• What the exercise asks: Set down the full listing exactly as given. Any pictures are to be left out.

• Raw data:
* * * *
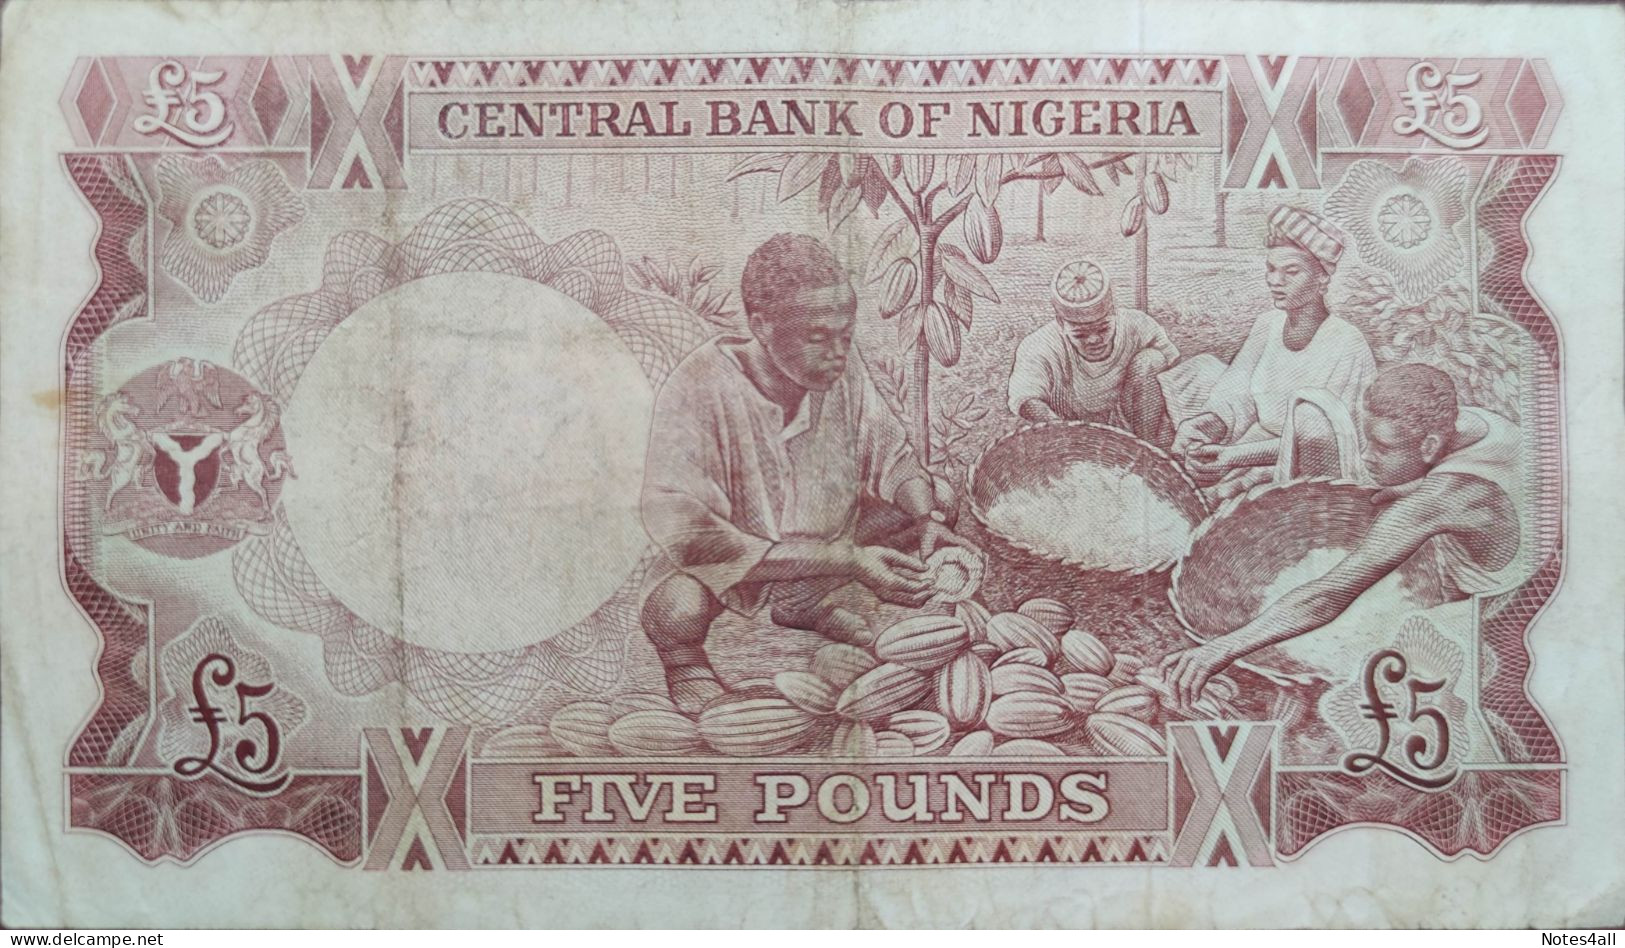 NIGERIA 5 POUNDS 1968 P-13a VF++ SERIES 34 622480 - Nigeria
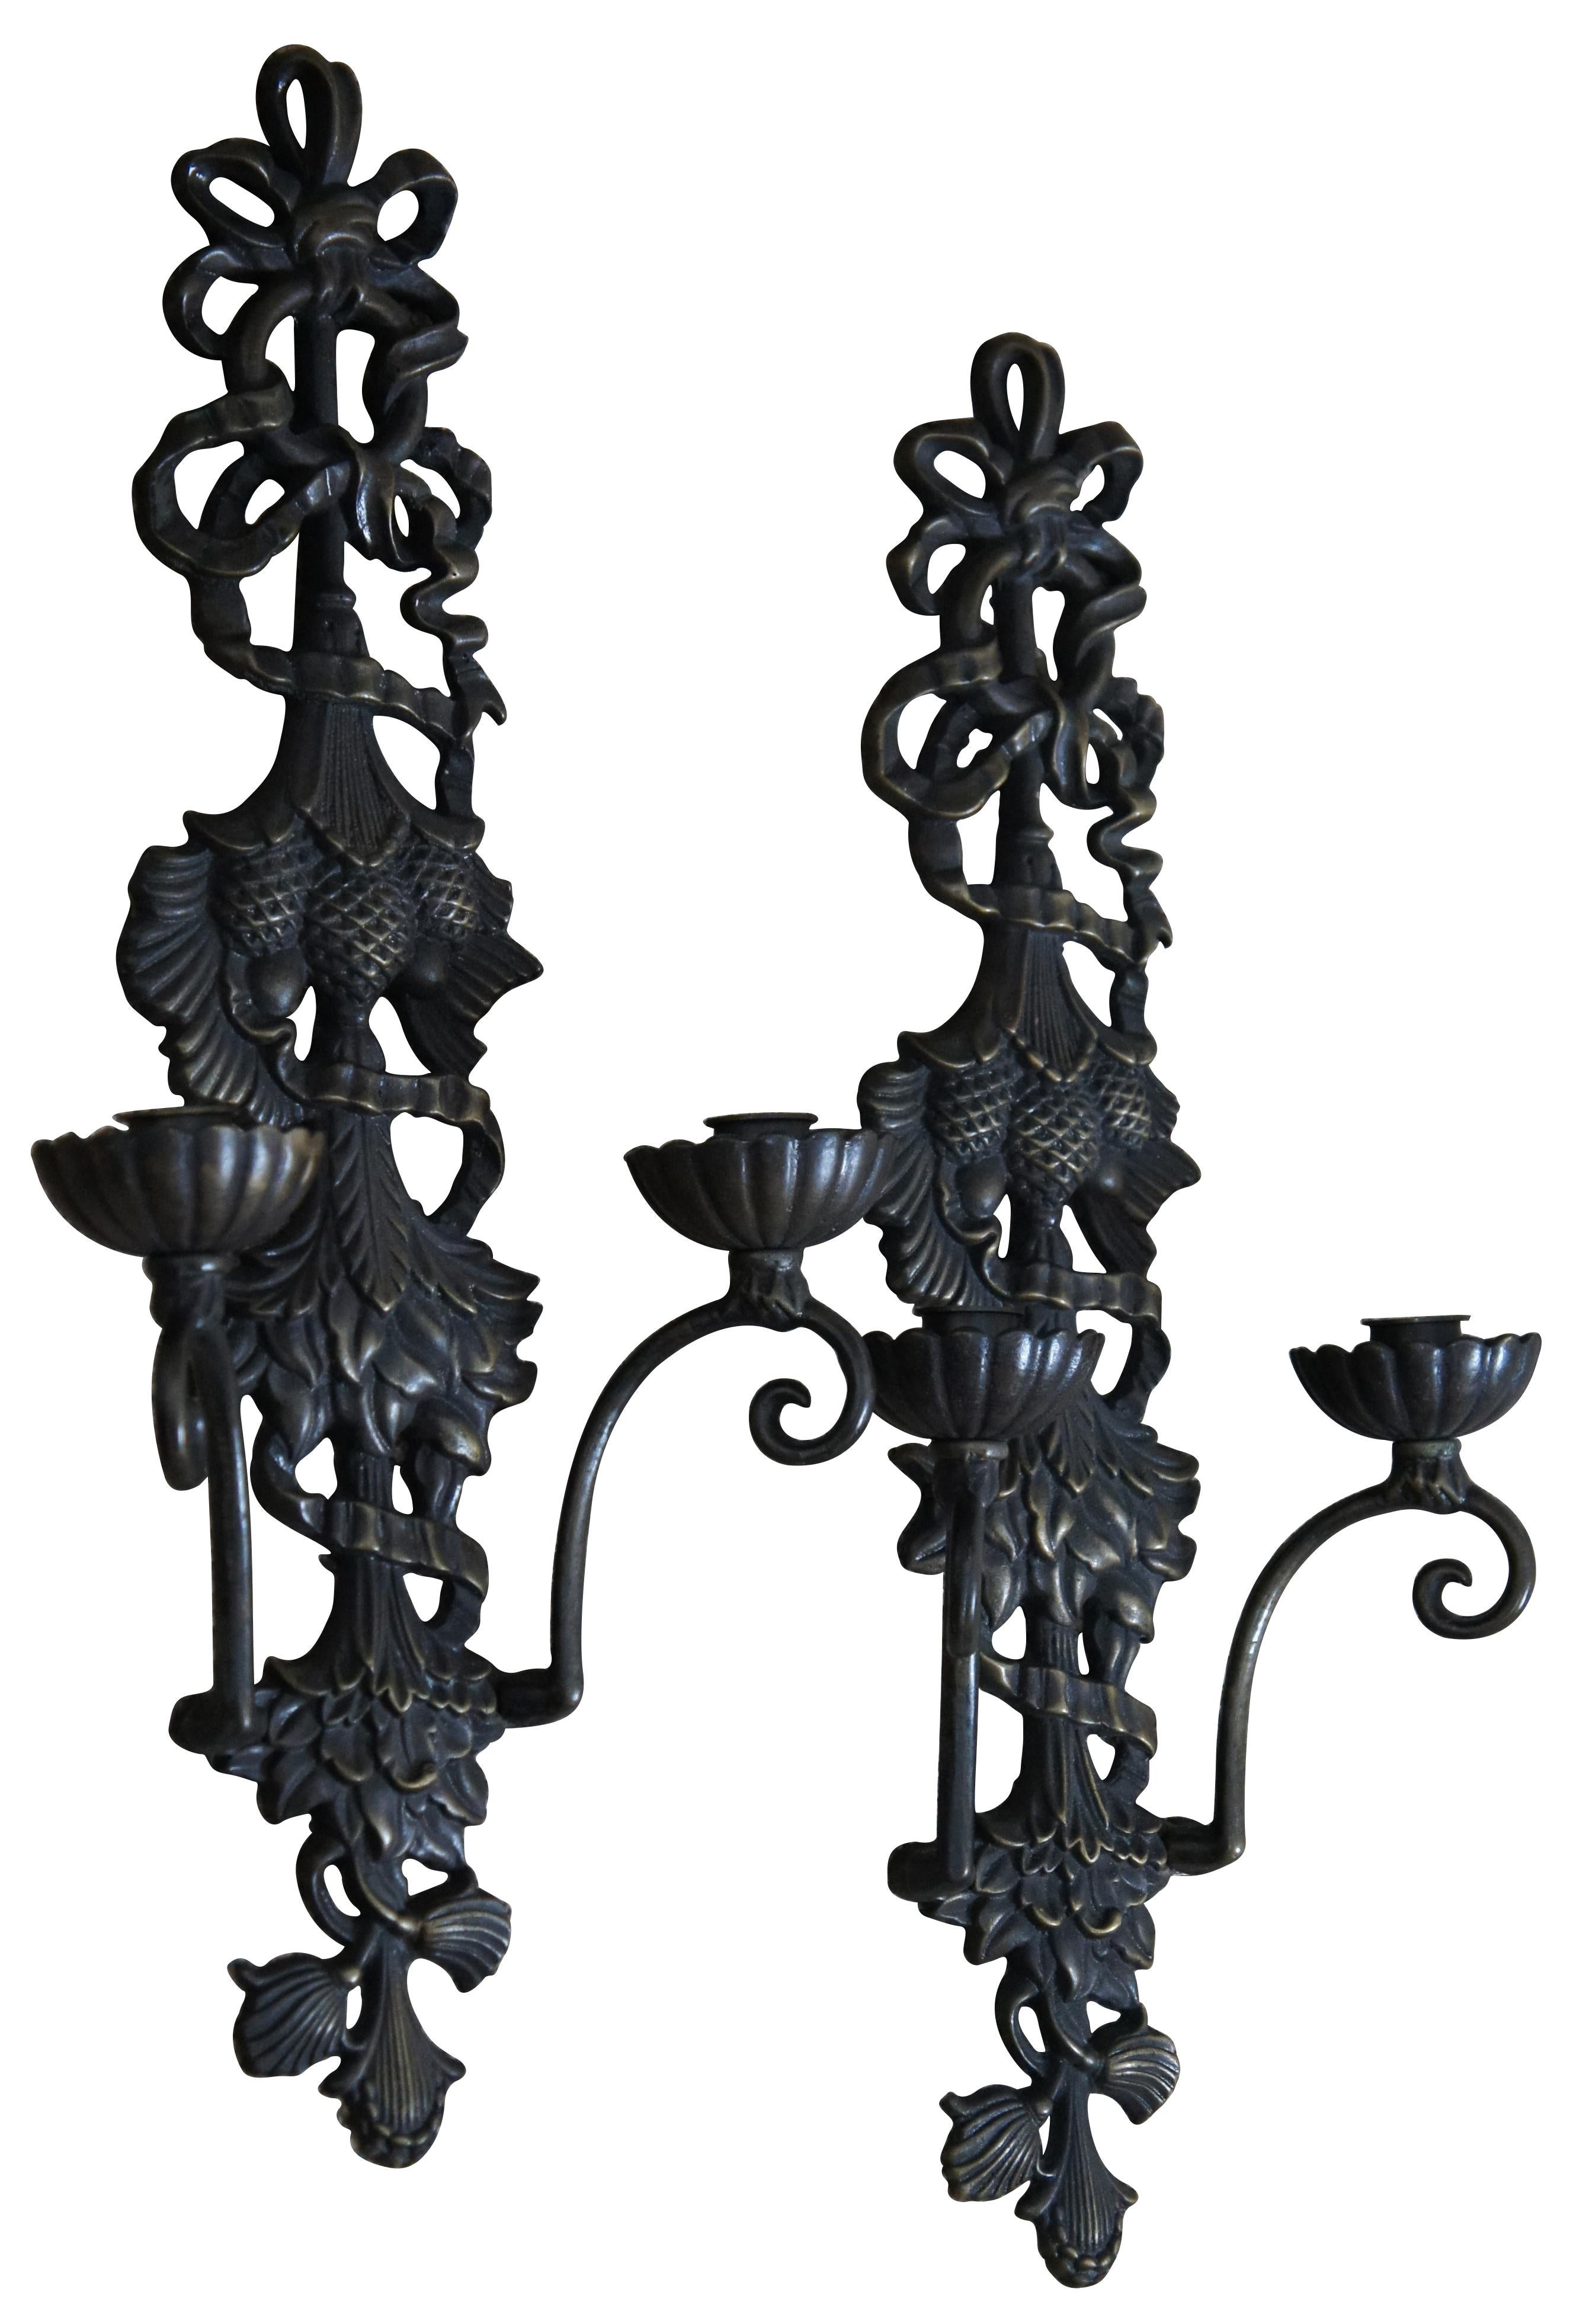 Zwei Kerzenleuchter aus Bronze mit viktorianischem Muster aus Bändern, Blättern und Tannenzapfen.
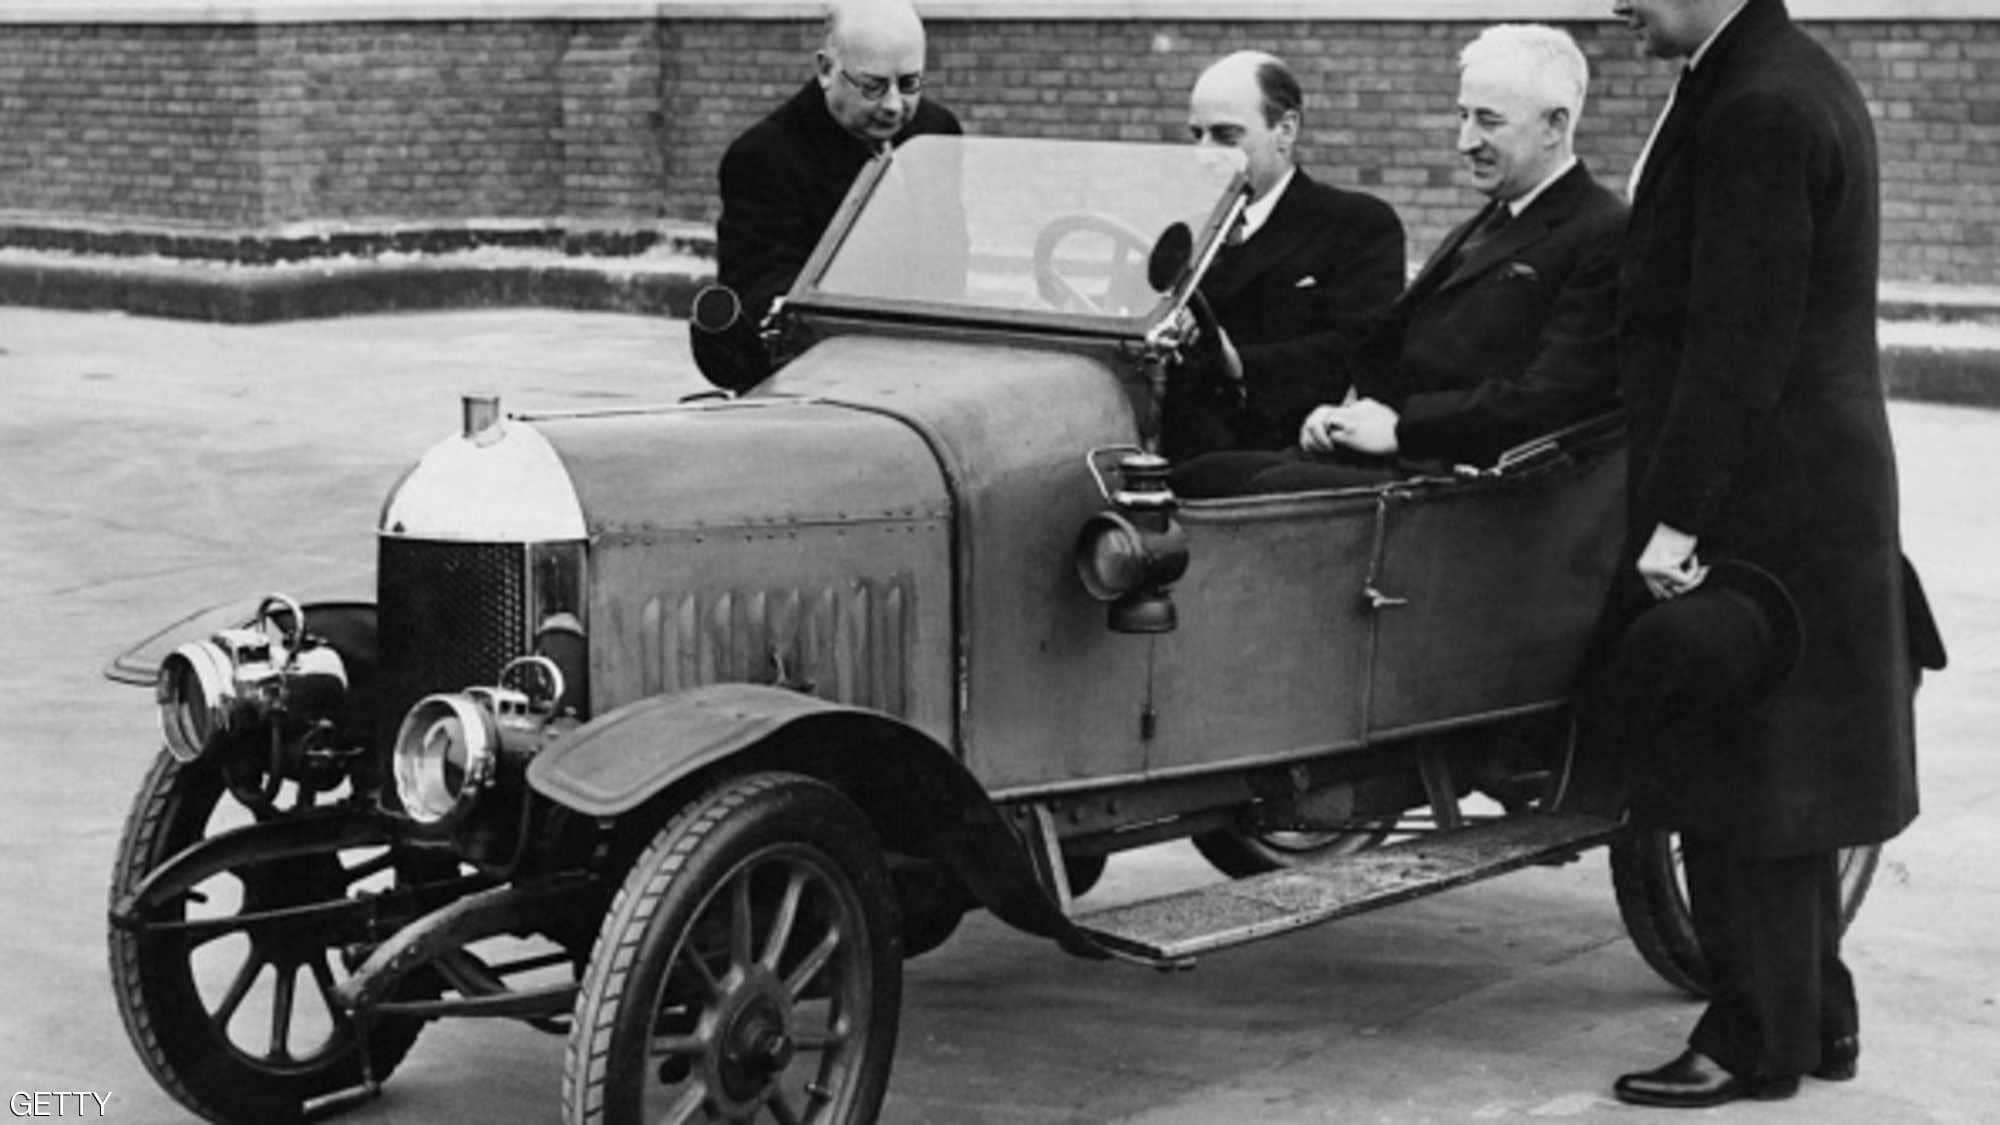 "بالصور" هذا ما بدت عليه السيارات قبل 100 عام من الآن 6
* * * *
• Task result:
 NIGERIA 5 POUNDS 1968 P-13a VF++ SERIES 34 622480 - Nigeria
 Zwei Kerzenleuchter aus Bronze mit viktorianischem Muster aus Bändern, Blättern und Tannenzapfen.
 "بالصور" هذا ما بدت عليه السيارات قبل 100 عام من الآن 6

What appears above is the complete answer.